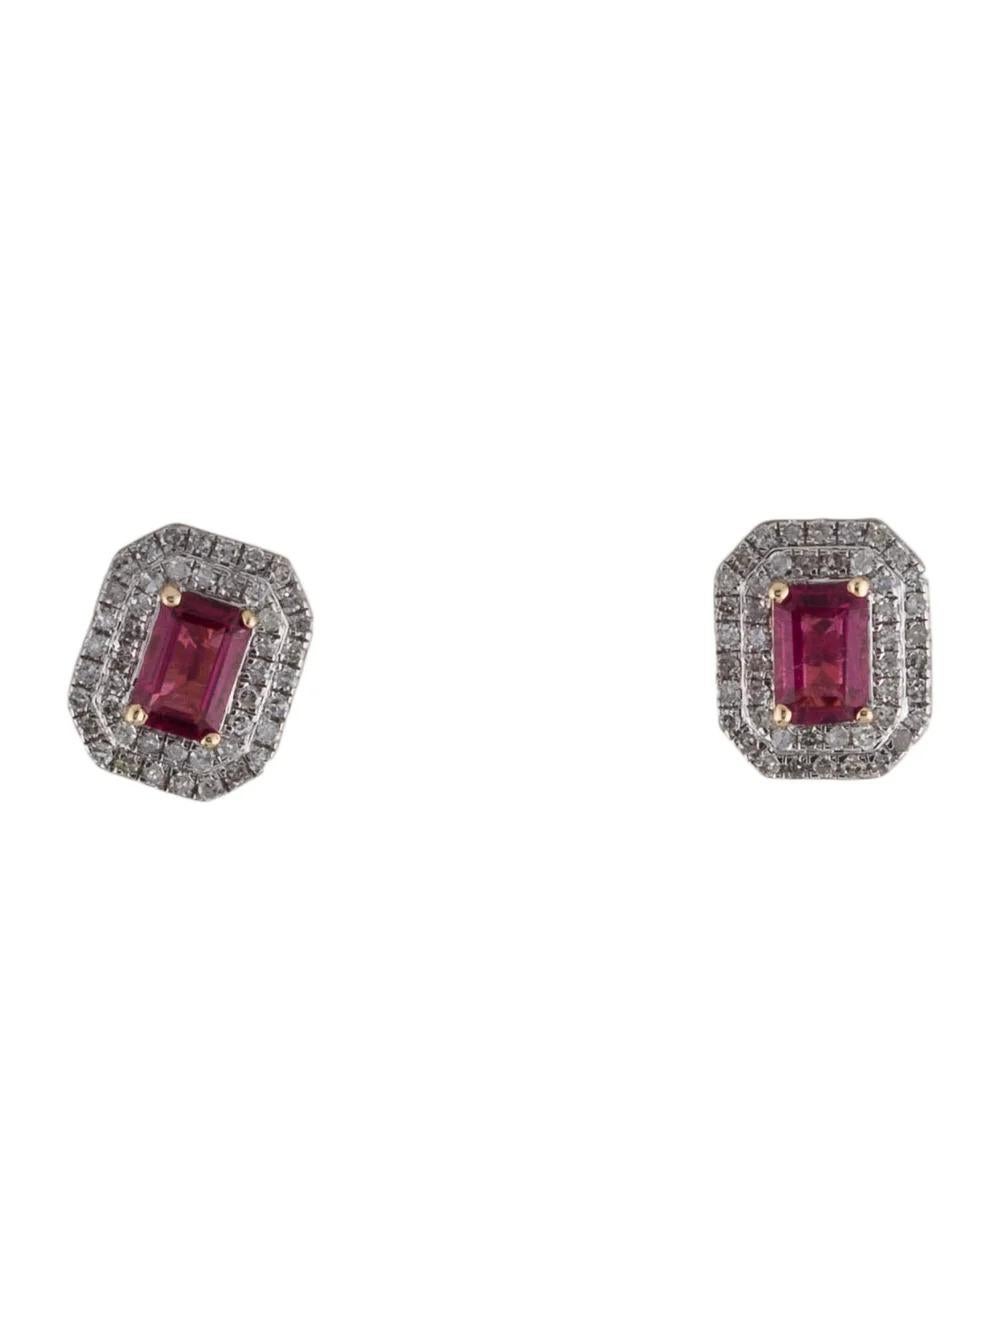 Elevate your elegance with our stunning Rhodium-Plated & 14K Yellow Gold Tourmaline & Diamond Stud Earrings.

Specifications:

* Metal: Rhodium-Plated & 14K Yellow Gold
* Length: 0.5
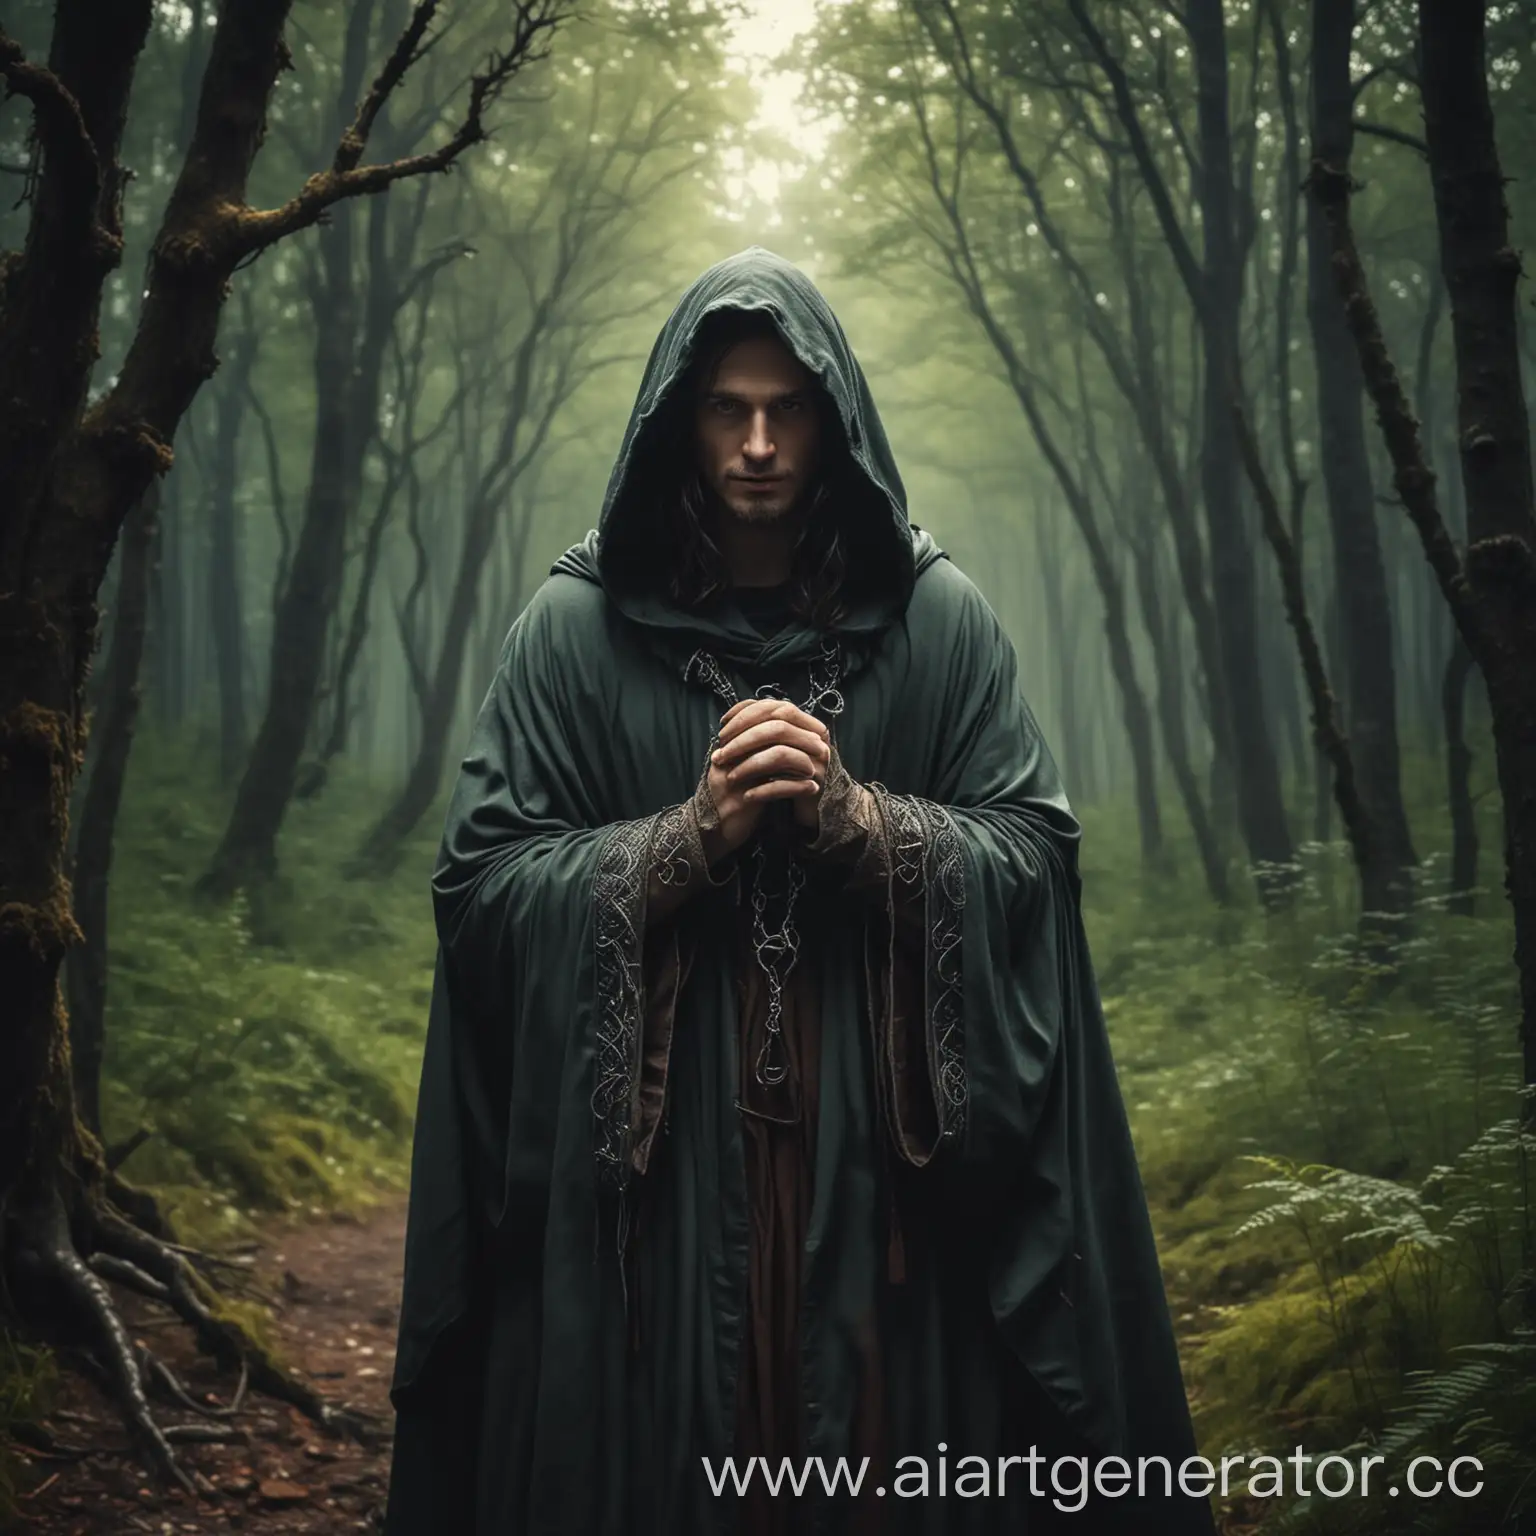 Fantasy-Druid-in-Hooded-Cloak-Amidst-Enchanted-Forest
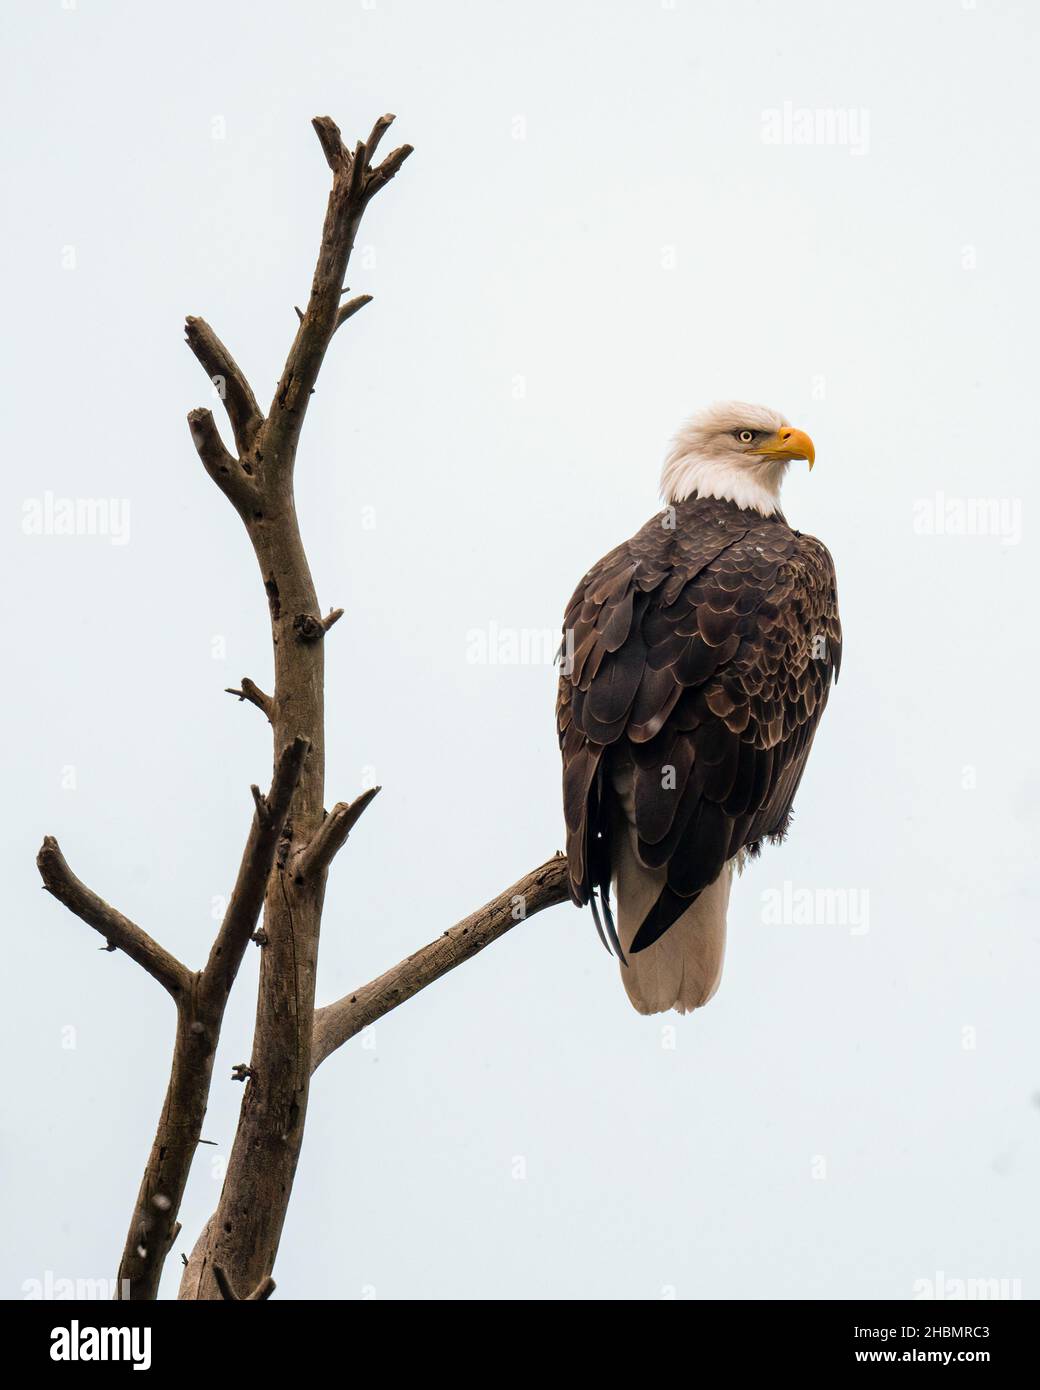 A Bald Eagle (Haliaeetus leucocephalus) perched on a dead tree in the winter in Michigan, USA. Stock Photo

What is required ▸ Return the entries unchanged, save for the pictures, which do not belong in the copy.

Reply ▸
 Elevate your elegance with our stunning Rhodium-Plated & 14K Yellow Gold Tourmaline & Diamond Stud Earrings.

Specifications:

* Metal: Rhodium-Plated & 14K Yellow Gold
* Length: 0.5
 Fantasy-Druid-in-Hooded-Cloak-Amidst-Enchanted-Forest
 A Bald Eagle (Haliaeetus leucocephalus) perched on a dead tree in the winter in Michigan, USA. Stock Photo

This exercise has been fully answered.